🤖 AI Summary
Humanoid robots require full-body motion control that simultaneously ensures diversity, robustness, and generalization in human-centered, complex environments. Existing teacher-student frameworks suffer from diversity loss during policy distillation and exhibit limited generalization to unseen motions. To address these limitations, we propose a CVAE-enhanced student policy framework: a conditional variational autoencoder (CVAE) is embedded within the policy network to explicitly model the latent diversity of human motions, and DAgger-based imitation learning is employed to improve adaptability and stability under partial observability. The resulting policy enables high-fidelity tracking of diverse motion sequences using a single unified model. In both simulation and real-robot experiments, our approach significantly outperforms an MLP baseline in motion quality, cross-motion generalization, and deployment robustness.
📝 Abstract
Humanoid robots must achieve diverse, robust, and generalizable whole-body control to operate effectively in complex, human-centric environments.
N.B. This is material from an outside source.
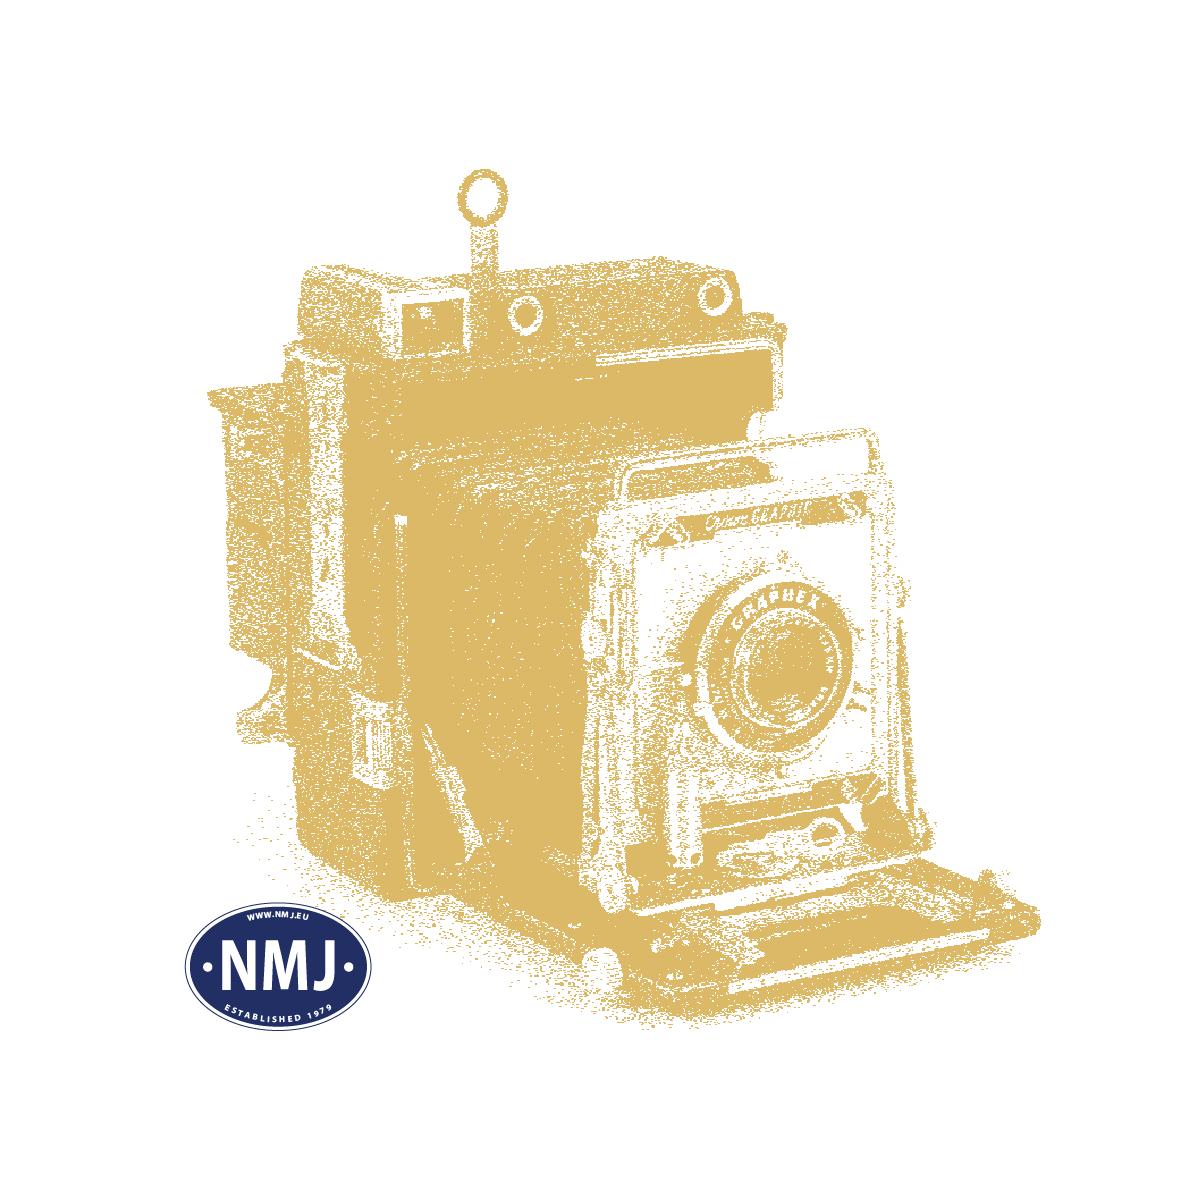 ROC51286 - Digitalt Startsett m/ 2 togsett & z21 Start

However, existing methods, particularly those based on teacher-student frameworks often suffer from a loss of motion diversity during policy distillation and exhibit limited generalization to unseen behaviors. In this work, we present UniTracker, a simplified yet powerful framework that integrates a Conditional Variational Autoencoder (CVAE) into the student policy to explicitly model the latent diversity of human motion. By leveraging a learned CVAE prior, our method enables the student to retain expressive motion characteristics while improving robustness and adaptability under partial observations. The result is a single policy capable of tracking a wide spectrum of whole-body motions with high fidelity and stability. Comprehensive experiments in both simulation and real-world deployments demonstrate that UniTracker significantly outperforms MLP-based DAgger baselines in motion quality, generalization to unseen references, and deployment robustness, offering a practical and scalable solution for expressive humanoid control.